Il rapporto tra realtà e
finzione attraversa tutto il film.
Riggan Thomson, il personaggio splendidamente interpretato da Micheal
Keaton, sa volare davvero? Sposta davvero gli oggetti col pensiero? Parla
davvero con il personaggio del supereroe che lo aveva reso famoso e ricco negli
anni ’90 (Birdman, appunto)? E soprattutto Riggan è un vero attore o solo un
cialtrone che a suo tempo ha avuto un gran bel colpo di fortuna?
Il personaggio attraversa una crisi d’identità; fallito come marito,
come padre, come attore, si gioca il tutto e per tutto dirigendo e interpretando
uno spettacolo tratto da Di cosa parliamo
quando parliamo d’amore? di Raymond Carver.
Il teatro è il luogo del
suo riscatto.
Un luogo che viene contrapposto al cinema quando qualcuno insinua che
sia meno rischioso per un attore, data la sua minore visibilità, in realtà non è
certo un posto adatto ai pavidi: non ci sono nascondigli, il corpo dell’attore
è presente sulla scena davanti al suo pubblico e la reazione del pubblico è
palpabile. Persino nei corridoi, dietro le quinte, nei camerini dove tutti
entrano senza bussare, l’attore è scoperto, quindi anche le immagini e le voci
interiori “si vedono” e si sentono.
Le emozioni dei personaggi e degli attori che li interpretano tendono
a confondersi. La ragazza di Riggan dice di essere incinta (anche se non lo è) e
il suo personaggio dichiara in un monologo di aver desiderato la maternità.
Mike fa una scenata per avere del vero gin da bere sul palcoscenico e, a quanto
pare, si sente più attratto dalla sua partner durante la finzione scenica,
mentre recitano di essere degli amanti, piuttosto che nella vita reale.
La questione però non è soltanto cosa sia o non sia reale, ma cosa
vada mostrato al pubblico e cosa no.
Si deve dare al pubblico quello che si aspetta? Oppure occuparsi solo
della propria arte?
L’arte e il piacere del pubblico sono compatibili?
Dice Mike (cito a memoria): << La popolarità è la sorellina
zoccola del prestigio.>> e la temibile critica d’arte del New York Times,
col suo sguardo di ghiaccio, rincara la dose indirizzando a Riggan una
definizione spietata: <<Tu non sei un attore, sei una celebrità.>>
Attore e celebrità, come
dire: bravura vs fama. Un dilemma
molto sentito dagli attori, perlomeno da alcuni. Le due cose sono antitetiche?

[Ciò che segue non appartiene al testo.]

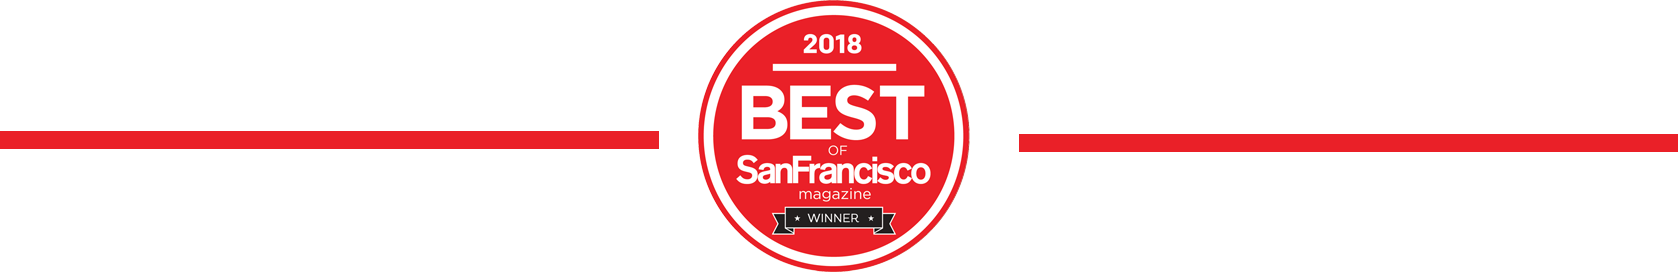 best of 2018 san francisco
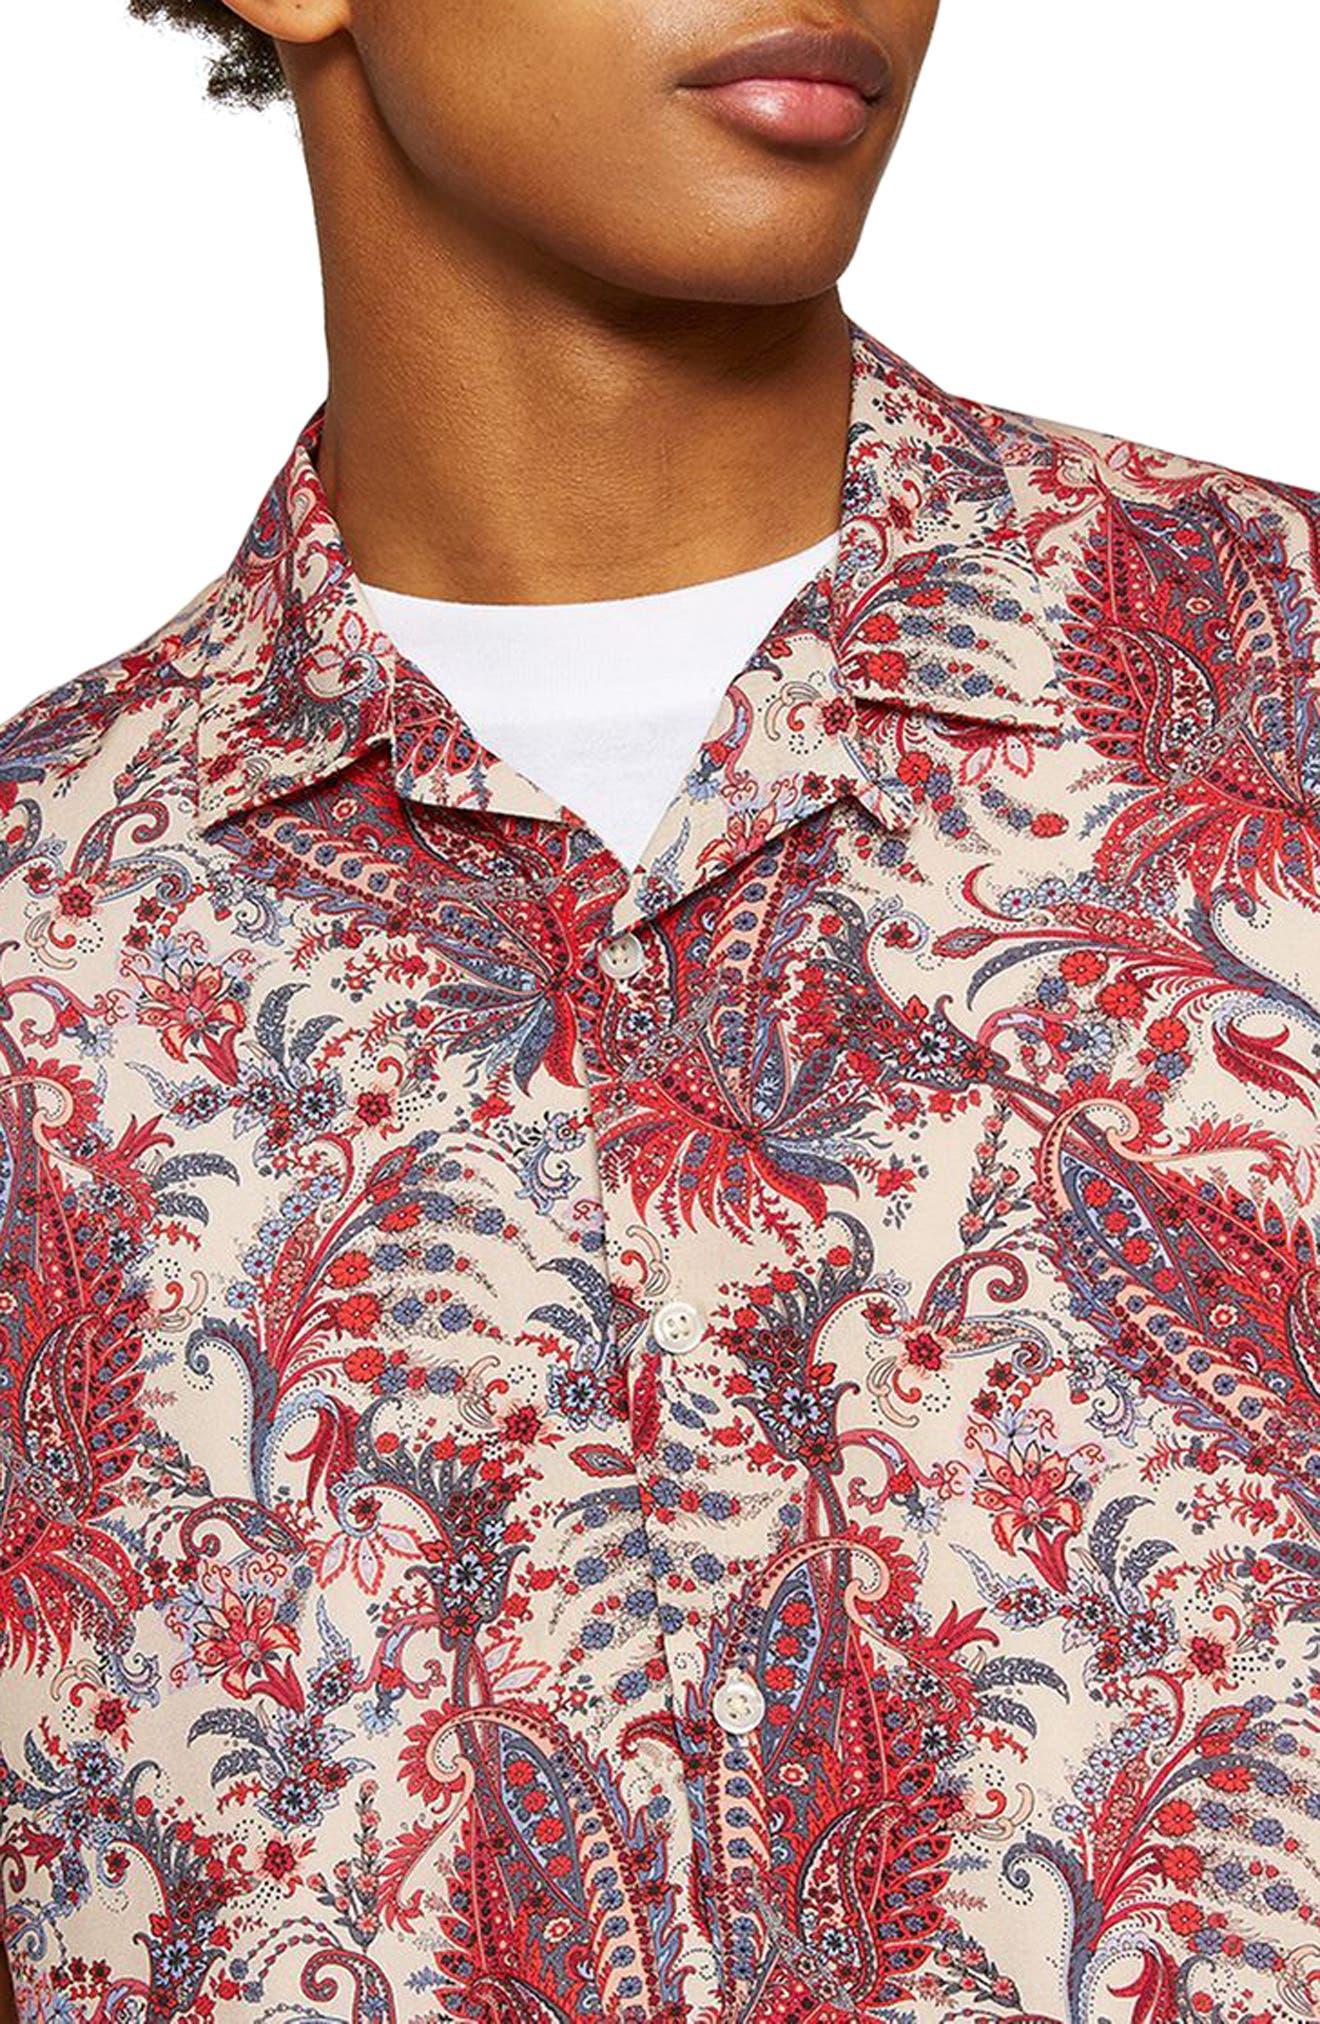 Paisley Camp Shirt,                             Alternate thumbnail 3, color,                             PINK MULTI

Riggan è già stato una celebrità, adesso vuol essere riconosciuto come
attore e distanziarsi dal personaggio che sembra perseguitarlo?
Ad un certo punto, però, racconta alla ex moglie di esser stato in
aereo casualmente insieme a George Clooney. Vuoti d’aria, cintura di sicurezza,
invece di comuni preoccupazioni, lui immaginava le prime pagine dei giornali in
seguito all’eventuale disastro: tutti avrebbero parlato solo di Clooney; di lui
non ci sarebbe stata traccia sulla stampa e questa ipotesi lo aveva angosciato
molto più della possibilità di non sopravvivere all’incidente. Quindi forse
rimpiange ancora la gloria perduta?
È il successo che definisce il valore di un artista (e di un uomo)?
Il protagonista teme di essere stroncato dalla critica, teme di non
poter avere la sua occasione di mostrare il proprio talento a causa di un
pregiudizio nei suoi riguardi. Sia Riggan che Mike, in momenti diversi,
affrontano in un bar la autorevole critica teatrale Tabitha Dickinson ed
entrambi contrappongono il lavoro del critico a quello dell’attore. L’attore fa
qualcosa, agisce, mette in gioco tutta la sua vita in una serata, il critico si
limita a guardare, giudica senza “fare”.
Tuttavia, entrambi desidererebbero una critica positiva, un
riconoscimento del loro talento e il giornale offre il vantaggio di essere scritto,
ha facoltà di testimoniare l’effimero lavoro dell’attore, che termina alla fine
di ogni rappresentazione.
Per Riggan, anche il tovagliolino di carta con sopra i complimenti di
Raymond Carver è prezioso, una specie di certificato delle proprie capacità artistiche.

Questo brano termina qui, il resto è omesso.